Он помолчал, закурил опять, затянулся жадно, переживая ту минуту, и жестко заключил:

— Ночевал на вокзале. Ничего.

И тут «пенсионер республиканского масштаба» (или «республиканец», как я про себя его называл) вдруг ни с того ни с сего взорвался:

— Это она с тобой, та пожилая гражданка, еще хорошо обошлась, а я бы на ее месте выдернул дверь из петель и тебя тою дверью по башке.

— За что?! — опешил-растерялся рассказчик.

— А за то, что ты не в деревне у себя, ты в городе. Может, тот дом, куда ты сунулся, особый.

— Да он не особый, дядя, — отмахнулся Заночевавший На Вокзале, — он панельный, у нас и в деревне такие начали собирать.

— Нет, тебя, олуха, не дверью по башке надо, а панелью, чтобы не шастал попусту, не мешал людям работать и отдыхать.

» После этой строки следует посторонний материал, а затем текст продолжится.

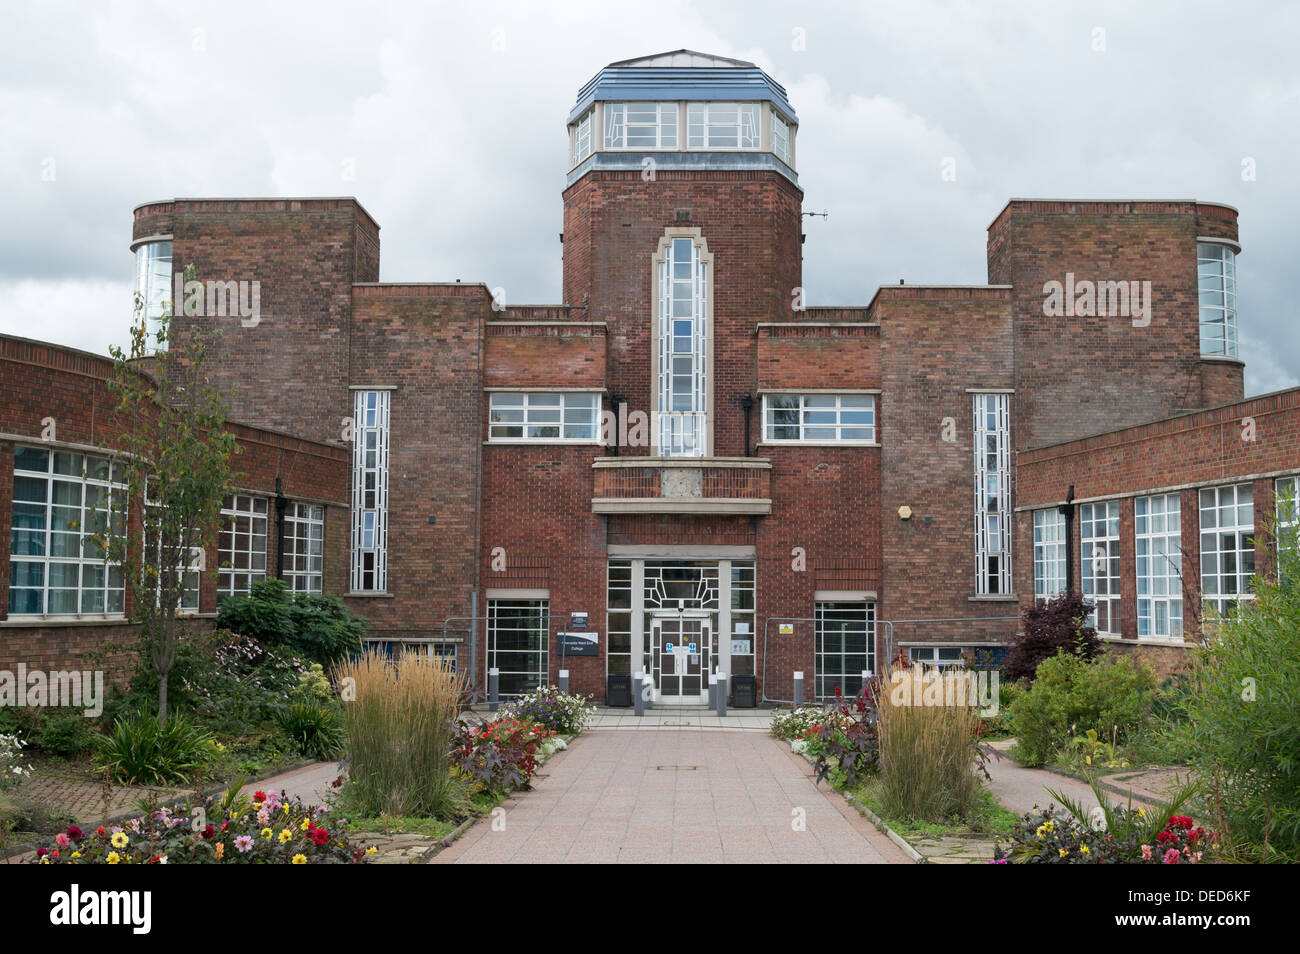 Newcastle west end college art deco style building, Benwell north east England, UK Stock Photo
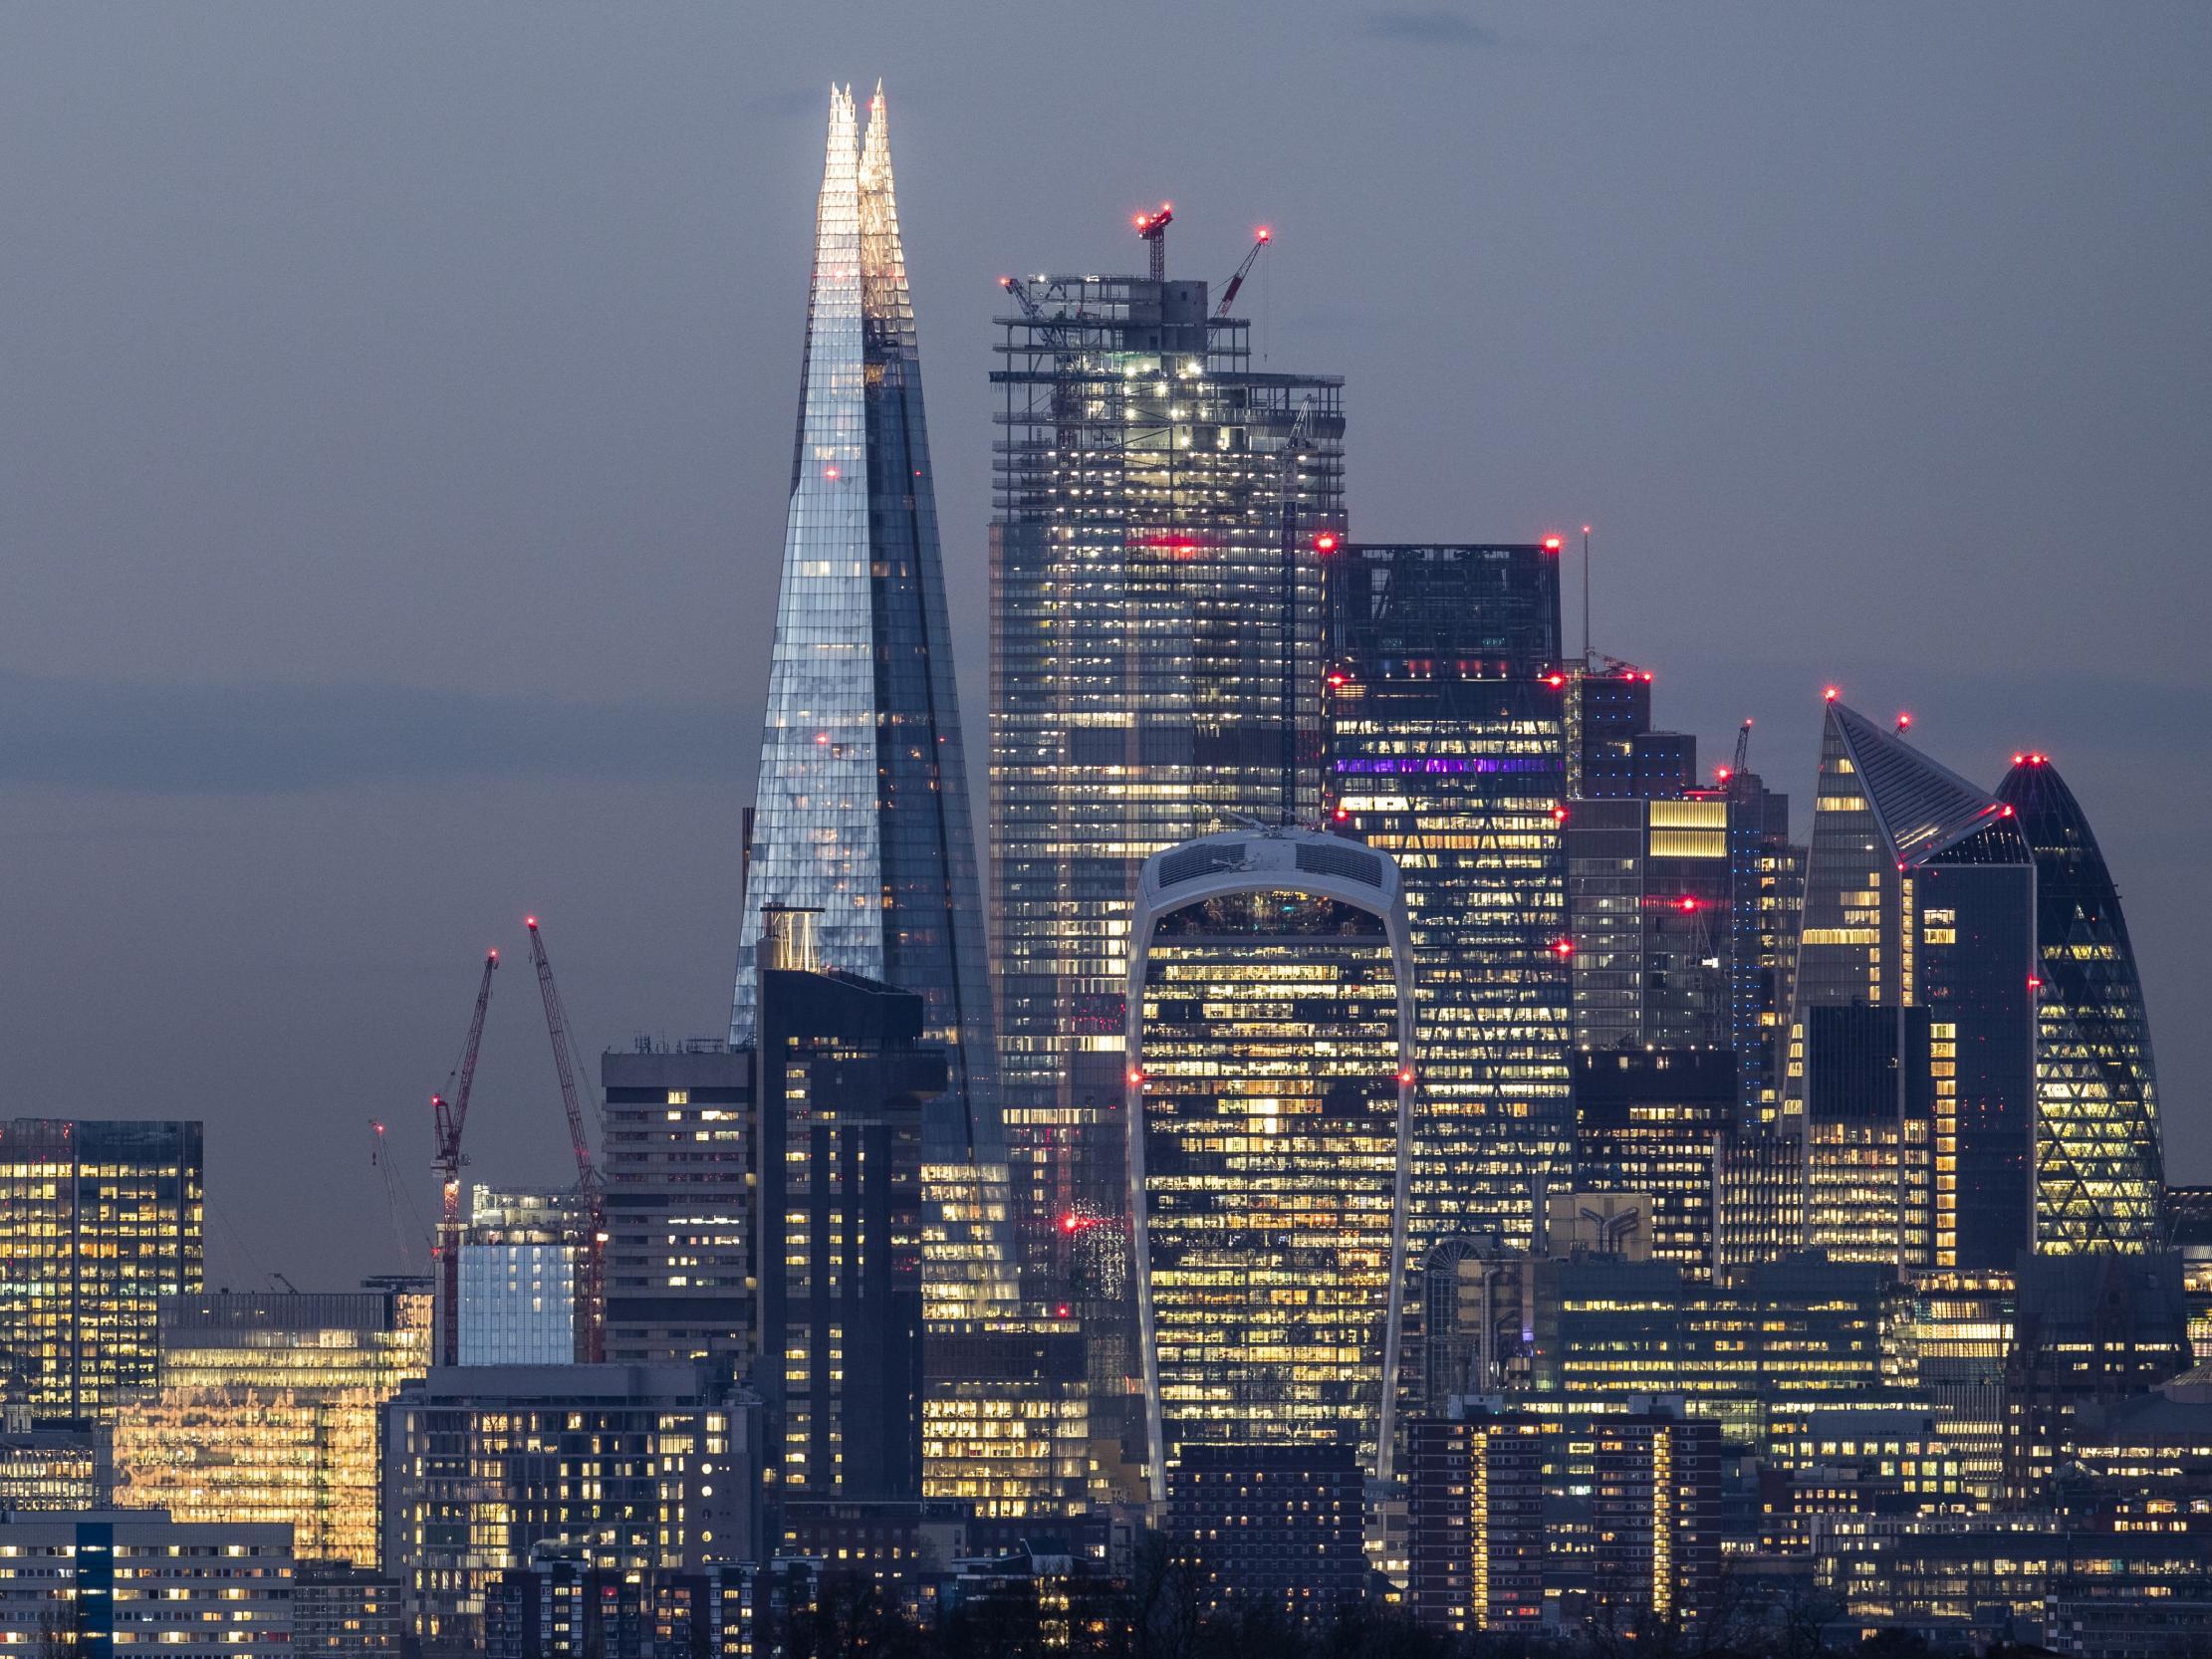 The City of London's financial companies may have to become 'rule-takers' to operate in the EU
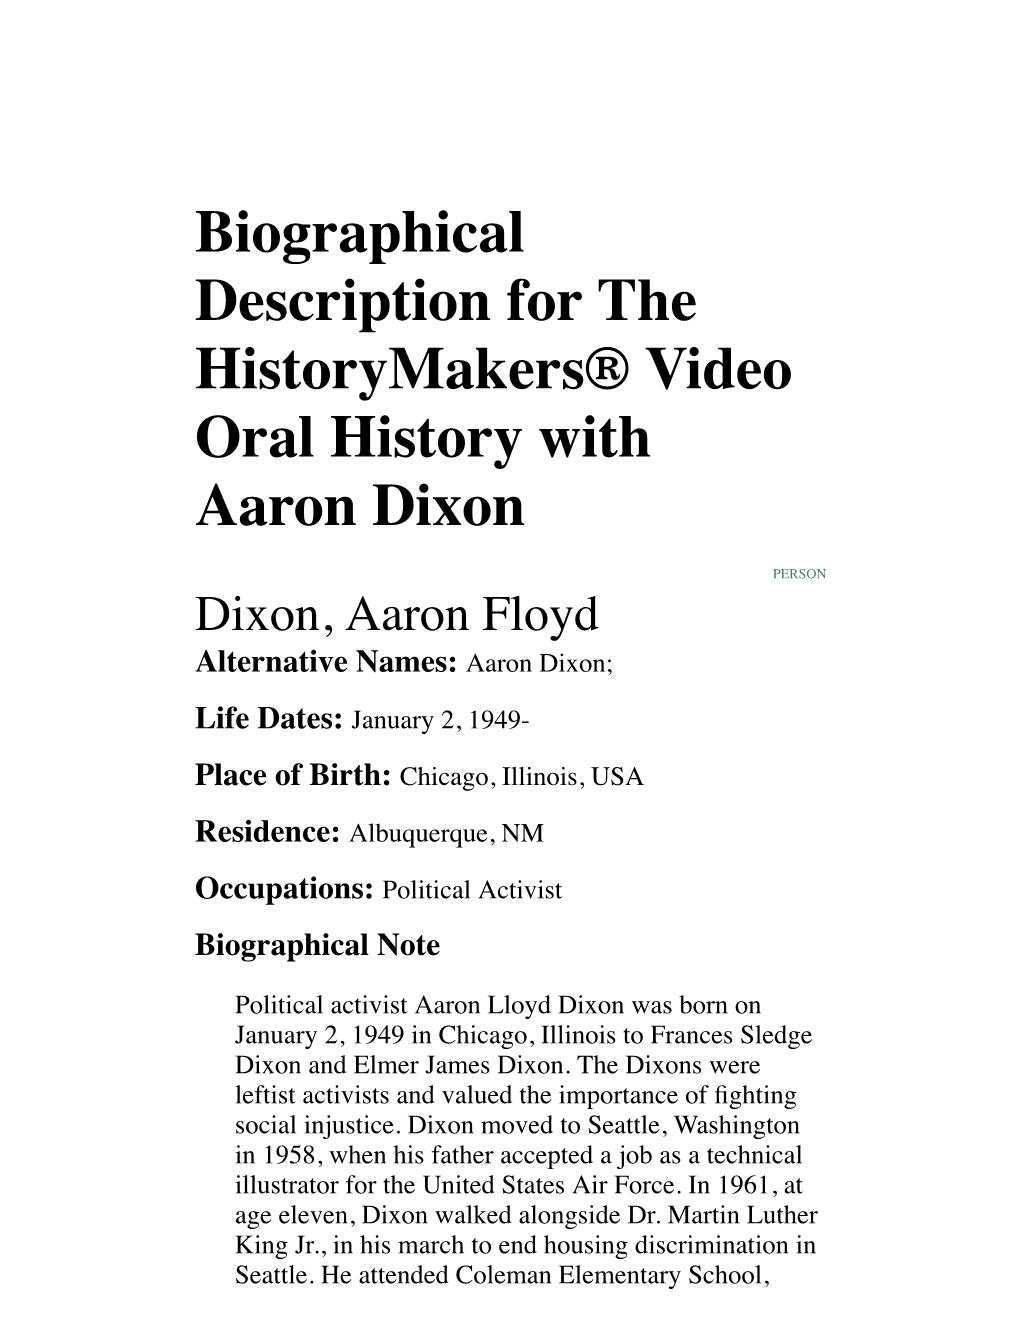 Biographical Description for the Historymakers® Video Oral History with Aaron Dixon
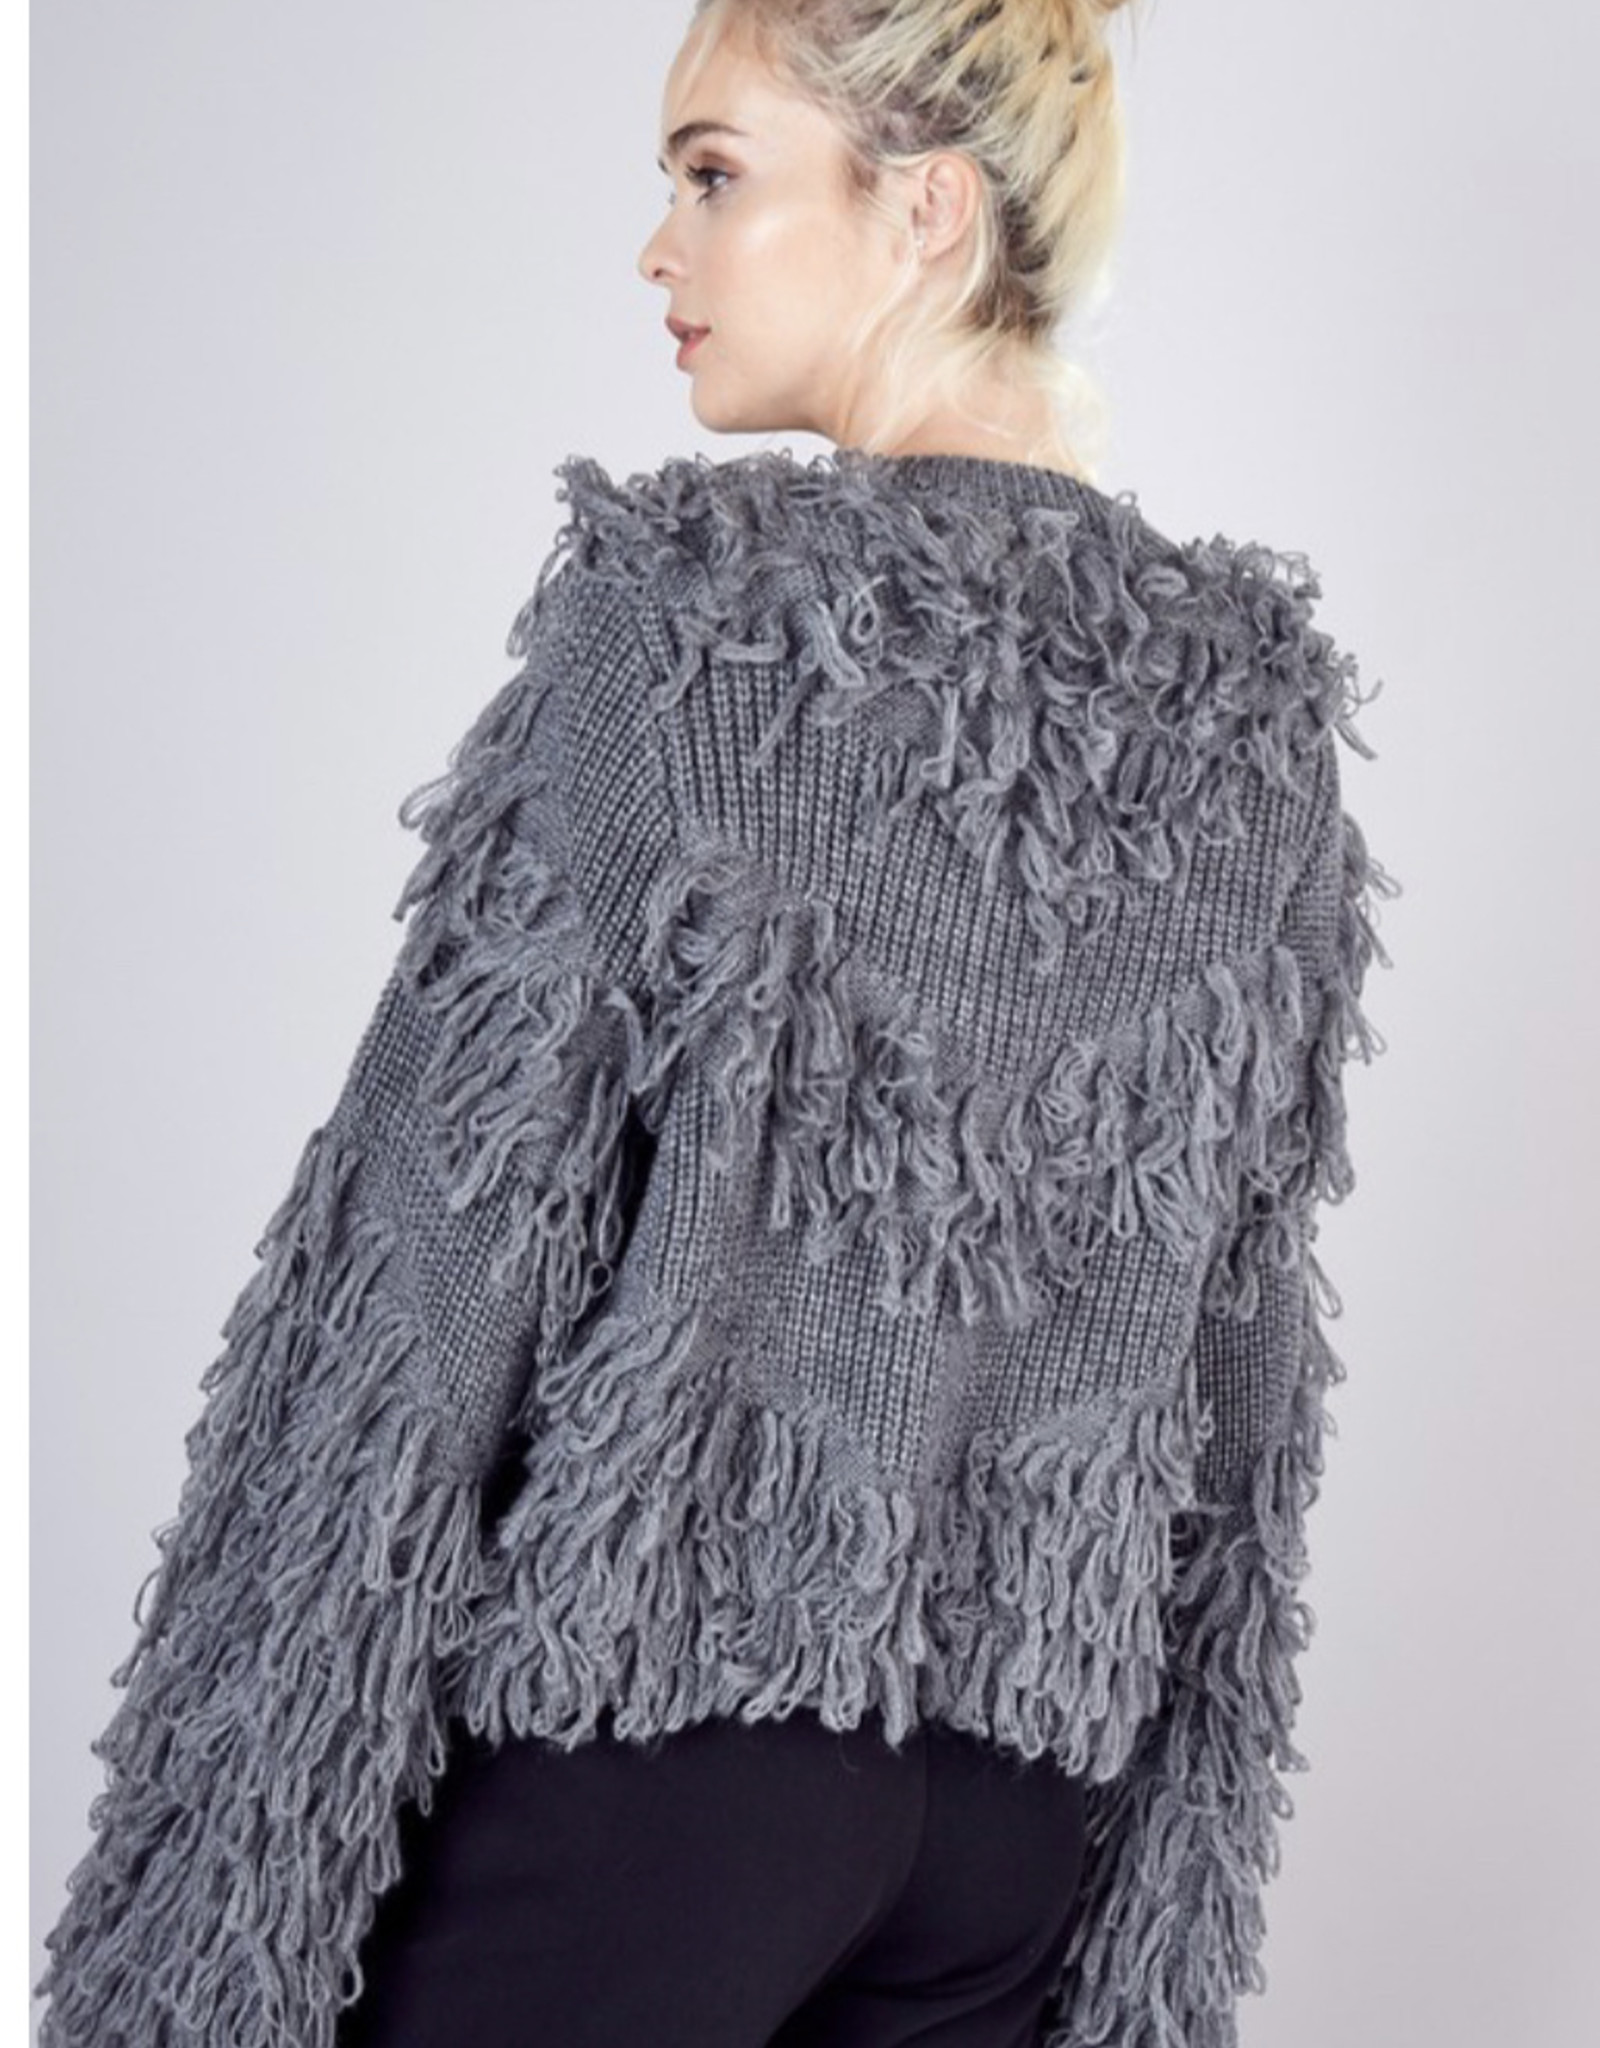 The Shaggy Chique Sweater

— Да ты что на меня взъярился? — растерялся Заночевавший На Вокзале. — Я что, к тебе постучался, тебя оторвал от телевизора?!.

Но «республиканца» уже невозможно было утихомирить, он был в состоянии той захлестывающей ум и сердце раздраженности — ученые называют ее сегодня немотивированной, — когда доводы не действуют. Он бушевал, называя рассказчика растяпой, взваливая на него большие и малые беды, которые переживает сегодня человечество.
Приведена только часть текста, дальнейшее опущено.